Warmer, drier weather is altering the biodiversity of deserts in the Southwest and the high, colder deserts of Nevada, Utah and eastern Washington, said Steve Archer of the University of Arizona. Plants and animals already living in extreme conditions face threats from wildfires and nonnative species, he said.

"These areas historically support a large ranching industry, wildlife habitat," Archer said. "They are major watersheds and airsheds."

The scientists said longer growing seasons provided by higher temperatures don't necessarily translate into bigger crop yields because plants have certain growth patterns.

Their report focuses on the next 25 to 50 years, rather than the next 100 years as other studies have done.

"Sometimes it's so far out that people just don't grasp that it's a problem.
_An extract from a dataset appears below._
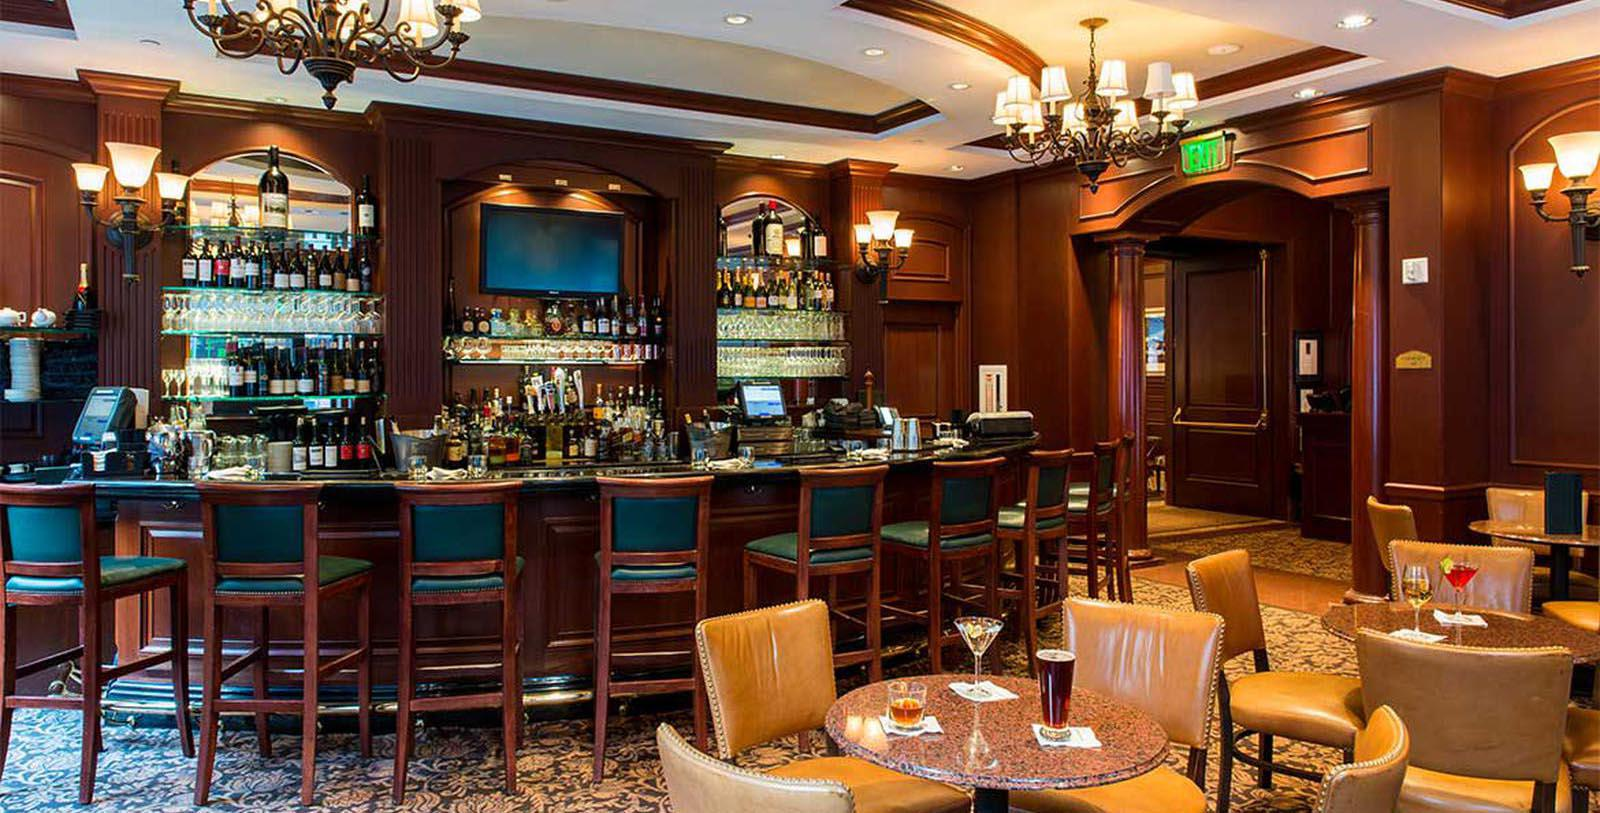 Image of Bob's Bar, Omni San Francisco Hotel, California, 1926, Member of Historic Hotels of America, Discover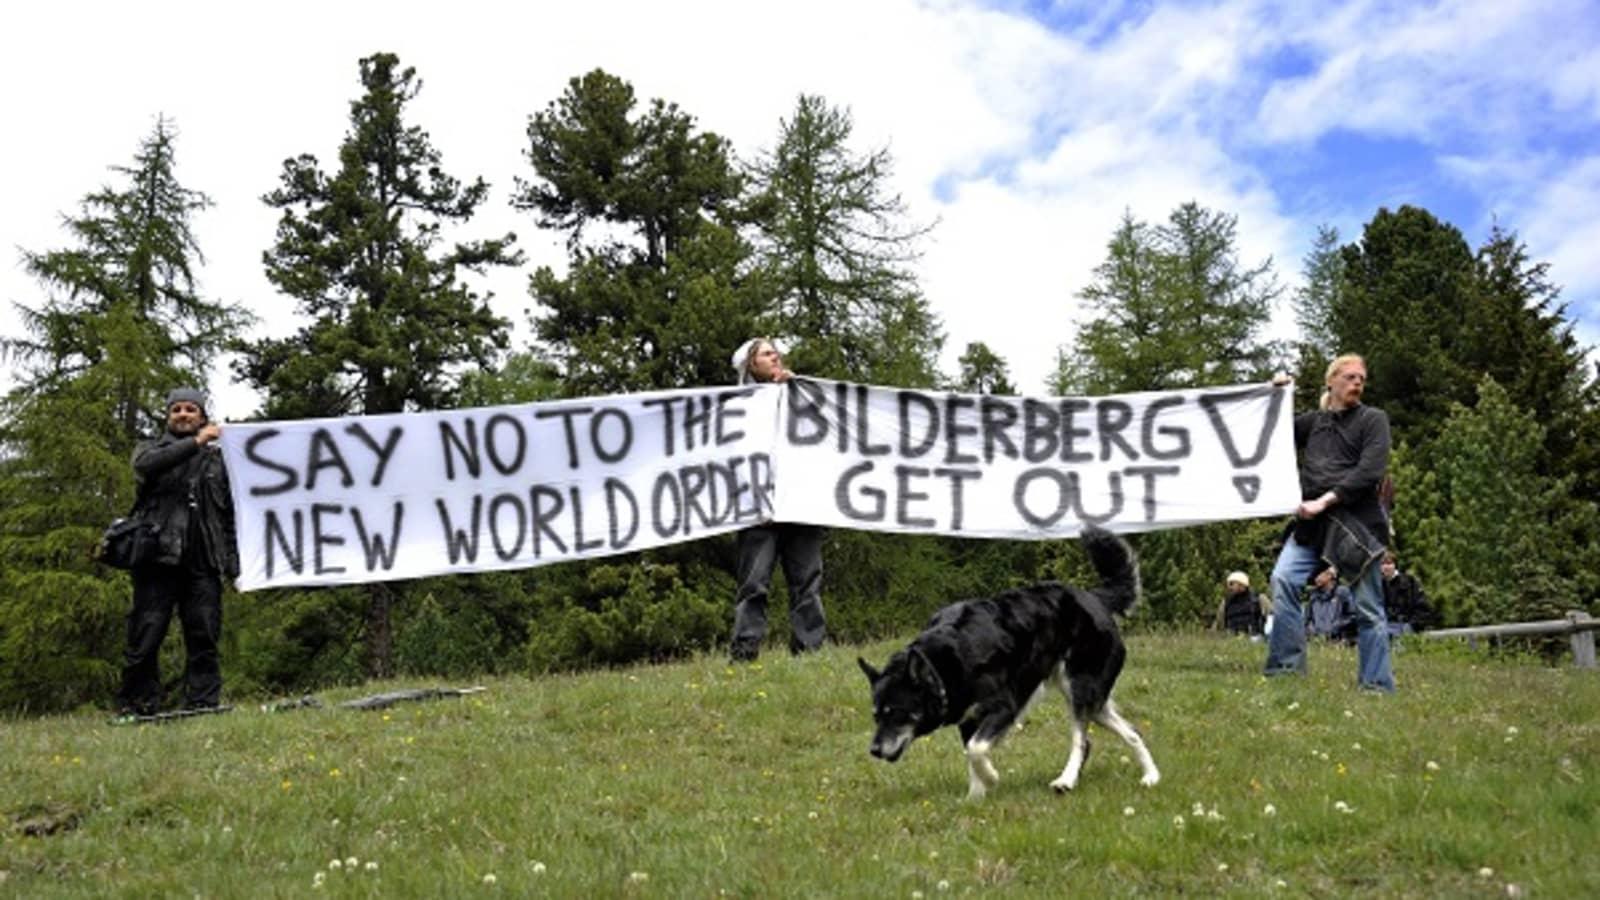 Kushner, Google and Microsoft to attend secret Bilderberg Meeting

This really brings it home," said Jerry Hatfield, lab director of the National Soil Tilth laboratory in Ames, Iowa.

While the report makes no recommendations, Hatfield said it could help farmers consider planting new crop varieties or varying when they plant to accommodate seasonal changes.

The USDA said the specific findings include:

  • "Grain and oilseed crops will mature more rapidly, but increasing temperatures will increase the risk of crop failures, particularly if precipitation decreases or becomes more variable.
  • "Higher temperatures will negatively affect livestock. Warmer winters will reduce mortality but this will be more than offset by greater mortality in hotter summers. Hotter temperatures will also result in reduced productivity of livestock and dairy animals.
  • "Forests in the interior West, the Southwest, and Alaska are already being affected by climate change with increases in the size and frequency of forest fires, insect outbreaks and tree mortality. These changes are expected to continue.
  • "Much of the United States has experienced higher precipitation and streamflow, with decreased drought severity and duration, over the 20th century. The West and Southwest, however, are notable exceptions, and increased drought conditions have occurred in these regions.
  • "Weeds grow more rapidly under elevated atmospheric CO2. Under projections reported in the assessment, weeds migrate northward and are less sensitive to herbicide applications.
  • "There is a trend toward reduced mountain snowpack and earlier spring snowmelt runoff in the Western United States.
  • "Horticultural crops (such as tomato, onion, and fruit) are more sensitive to climate change than grains and oilseed crops.
  • "Young forests on fertile soils will achieve higher productivity from elevated atmospheric CO2 concentrations. Nitrogen deposition and warmer temperatures will increase productivity in other types of forests where water is available.
  • "Invasion by exotic grass species into arid lands will result from climate change, causing an increased fire frequency. Rivers and riparian systems in arid lands will be negatively impacted.
  • "A continuation of the trend toward increased water use efficiency could help mitigate the impacts of climate change on water resources.
  • "The growing season has increased by 10 to 14 days over the last 19 years across the temperate latitudes. Species' distributions have also shifted.
  • "The rapid rates of warming in the Arctic observed in recent decades, and projected for at least the next century, are dramatically reducing the snow and ice covers that provide denning and foraging habitat for polar bears."